In 2015, as a redshirt freshman, Wright made 13 of 17 field goal attempts (.765) with a long of 48 yards while recording one tackle.

In 2016, as a redshirt sophomore, Wright became one of just 11 Knights ever to make a 50-yard field goal attempt. Making 17 of 22 field goal attempts (.772) (50-yard long) during the 2016 season, Wright's .773 kicking percentage placed seventh all-time in UCF football history for single season kick percentage. Wright was named to the 2016-17 American All-Academic Team.

Entering his redshirt junior season in 2017, Wright was named to the Lou Groza Award preseason watch list (best placekicker in college football). Wright also handled kickoff specialist duties during the 2017 season. Following Wright's performance against the Memphis, Wright was named the American Special Teams Player of the Week. In the Knights' game versus Austin Peay, Wright set the UCF single-game extra points record (10). On January 1, 2018, Wright made two field goals against the Auburn in the Peach Bowl as the Knights finished their season 13-0. After the victory, the school announced they would claim a National Championship despite not making the College Football Playoff and never being ranked higher than 10th. Wright finished the 2017 season making 13 of 18 field goal attempts (.722) with a long of 47 yards. With his 2017 season performance, Wright set the UCF Knights single-season record for most kicking points scored (119), the second-most points scored in a season, and the most extra points in a season (80). Wright earned Second-team All-American Athletic Conference honors.

In 2018, Wright again served as both UCF's placekicker and kickoff specialist. In back-to-back weeks following the Knights' games against Memphis and East Carolina University, Wright was named the American Athletic Conference Special Teams Player of the Week. Wright finished the season converting 12 of 14 field goal attempts (.857) with a long of 46 yards. In successfully converting all 74 PATs, Wright became only the eighth player in UCF program history to make every PAT in a season. Wright ended the season with a 58.3-yard kickoff average, including 29 touchbacks, with two tackles and a fumble recovery. Wright earned American Athletic Conference Second-team honors for his 2018 senior kicking efforts.

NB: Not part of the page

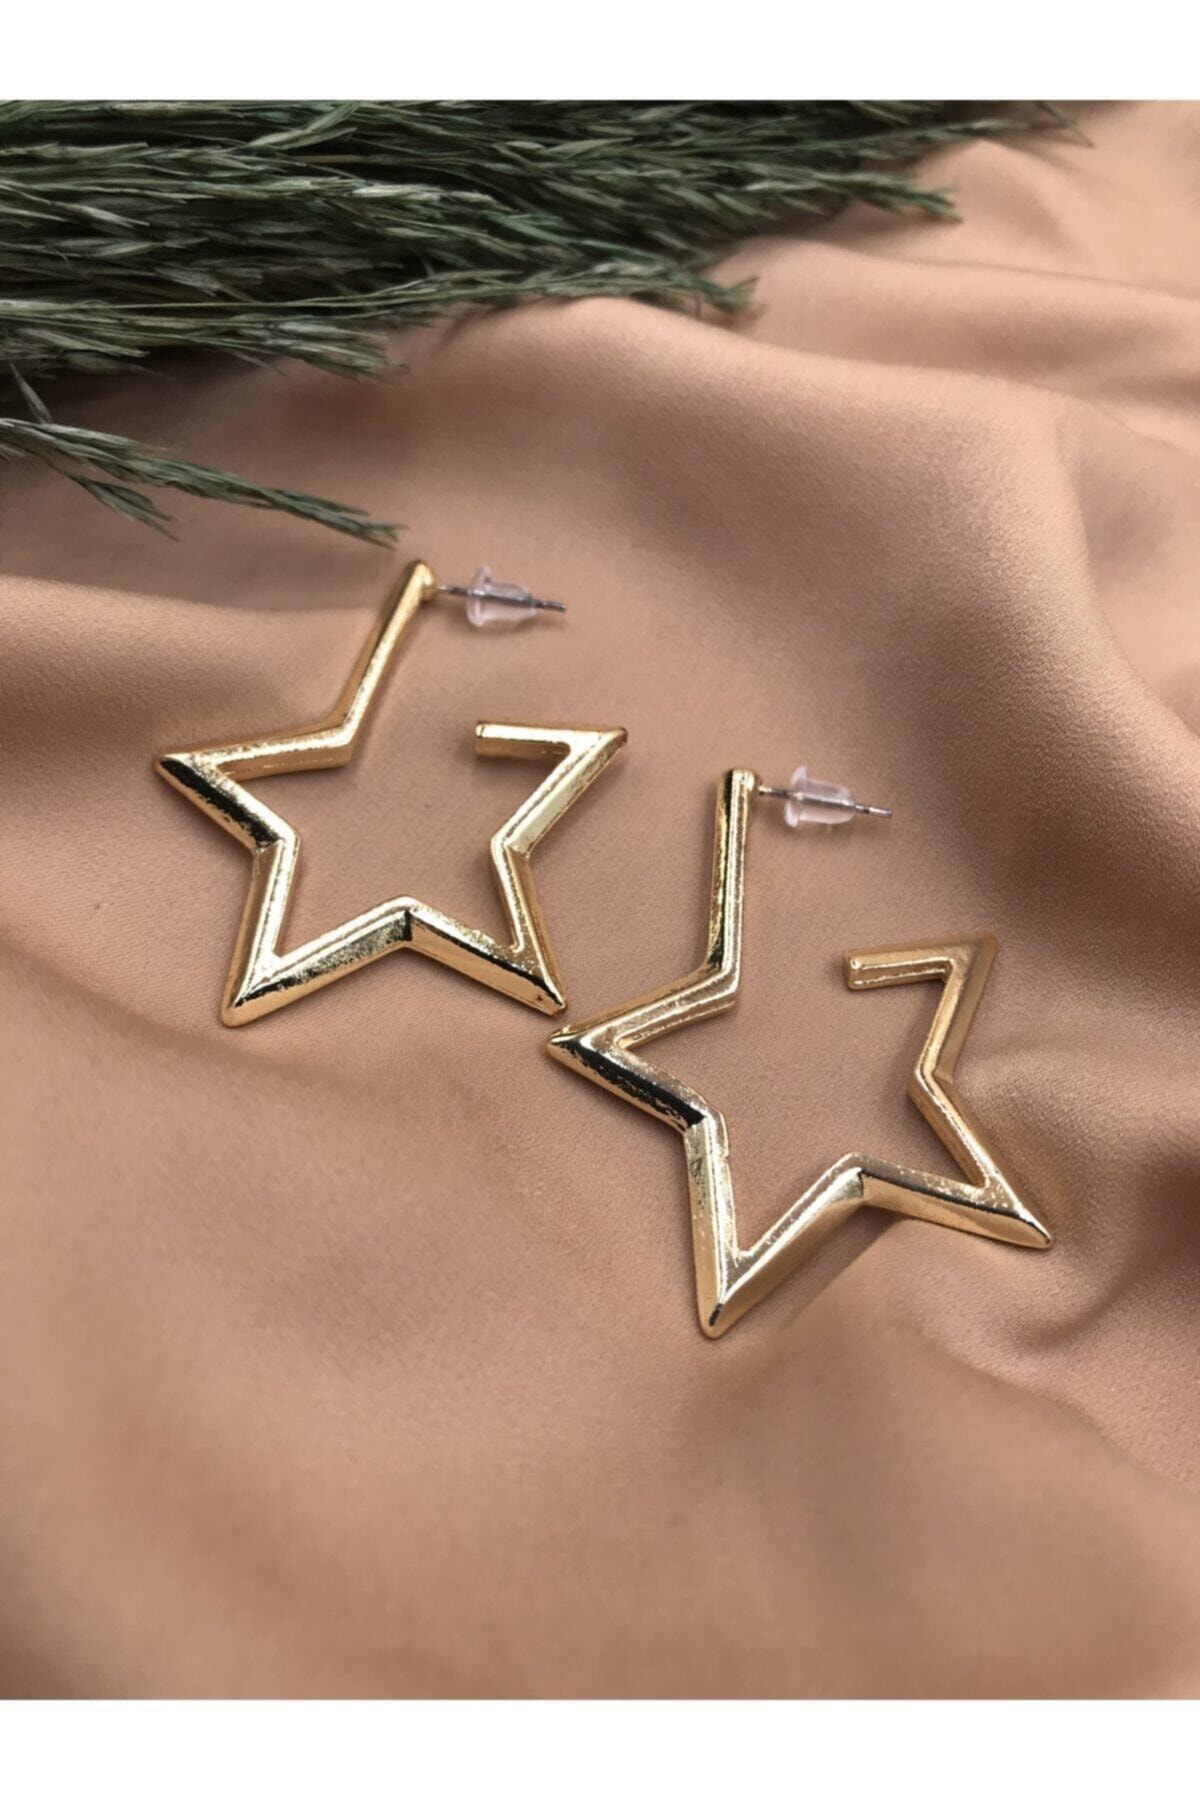 Eylülün Takısı Gold Renkli Yıldız Model Vintage Küpe 1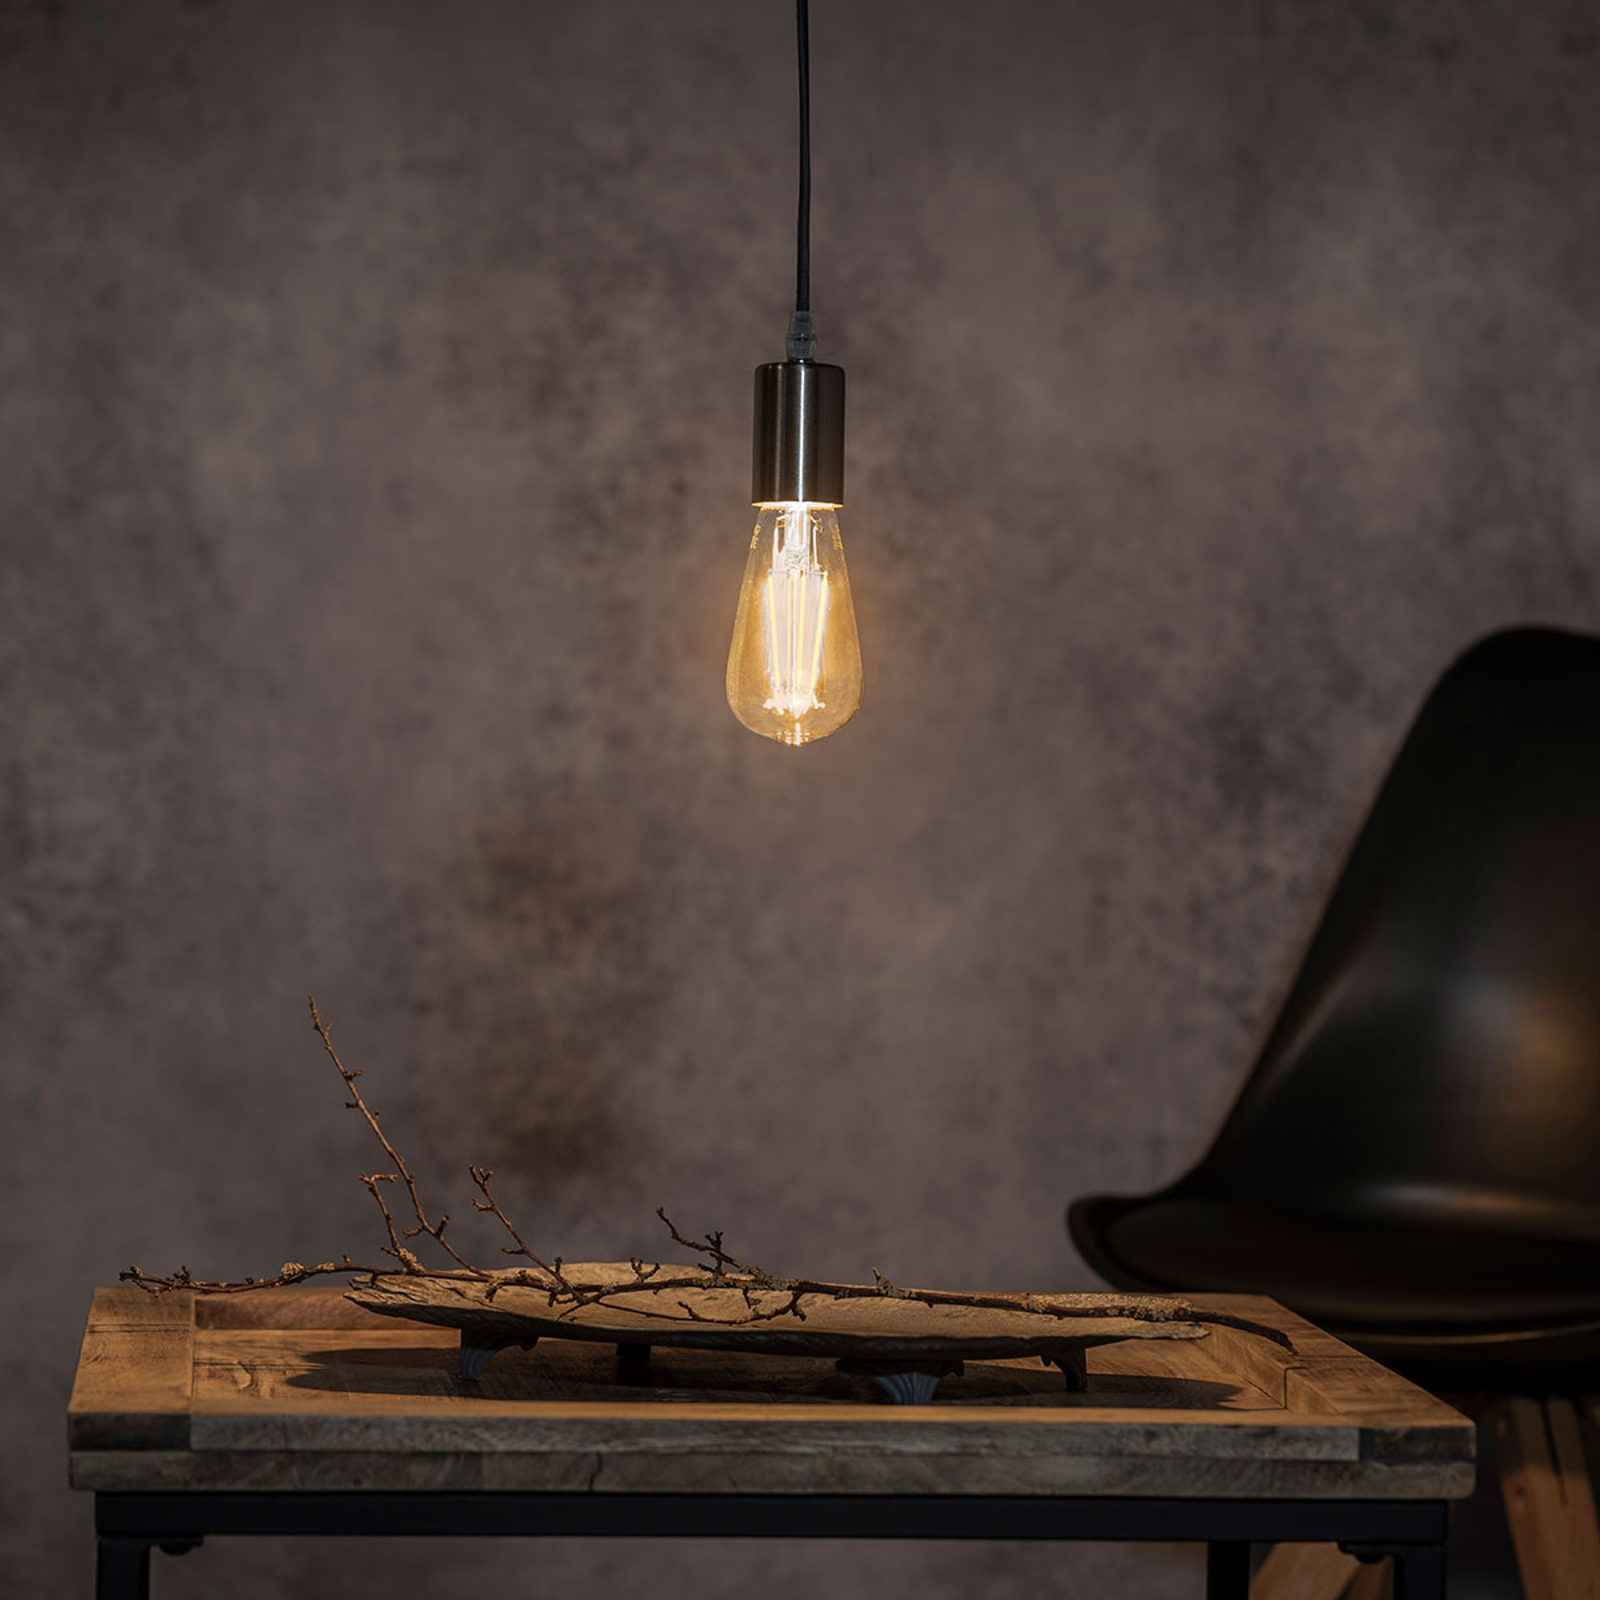 Závěsné svítidlo Haiko, černý kabel

Wright also earned the University of Central Florida's most prestigious honor, the Order of the Pegasus Award, for exemplary performance in "academic achievement, outstanding university involvement, leadership, and community service."

Collegiate statistics

Professional career

Pittsburgh Steelers
Wright was signed by the Pittsburgh Steelers as an undrafted free agent following the 2019 NFL Draft. He was waived on August 31, 2019, during final roster cuts.

Tampa Bay Vipers
On October 16, 2019, Wright was selected by the Tampa Bay Vipers in Phase 5 of the 2020 XFL Draft. On January 22, 2020, he was released during training camp.

Pittsburgh Steelers (second stint)
On November 30, 2020, Wright was re-signed by the Steelers to their practice squad. He was elevated to the active roster on December 7, December 26, and January 2, 2021, for the team's weeks 13, 16, and 17 games against the Washington Football Team, Indianapolis Colts, and Cleveland Browns, and reverted to the practice squad after each game. Wright was two-of-two on extra points against Washington, and made his first career field goal from 37 yards out. Wright finished the season having made all four of his field goal attempts, including a long of 46 yards, and all seven extra point attempts. On January 18, 2021, following the season, Wright's practice squad contract with the team expired.

Detroit Lions
On January 22, 2021, the Detroit Lions signed Wright to a reserve/futures contract. On August 10, 2021, the Lions waived Wright.

Jacksonville Jaguars
On September 27, 2021, Wright was signed to the Jacksonville Jaguars practice squad. On October 16, 2021, he was signed to the Jaguars' active roster.

On October 10, 2021, Wright got his first start in the Jaguars' Week 5 game against the Tennessee Titans. He went 0/1, missing a 53-yard field goal and 1/2 on extra points.

On October 17, 2021, in an NFL International Series game played in London, England against the Miami Dolphins, Wright went 3/3 on field goals, including a career-long 54-yard field goal and a game-winning 53-yard field goal that snapped the Jaguars' 20-game losing streak and gave them their first win since September 13, 2020. For his performance he was awarded AFC Special Teams Player Of The Week. On October 19, 2021, Wright was named the starter going forward as Jacksonville cut former starter, Josh Lambo, from their roster.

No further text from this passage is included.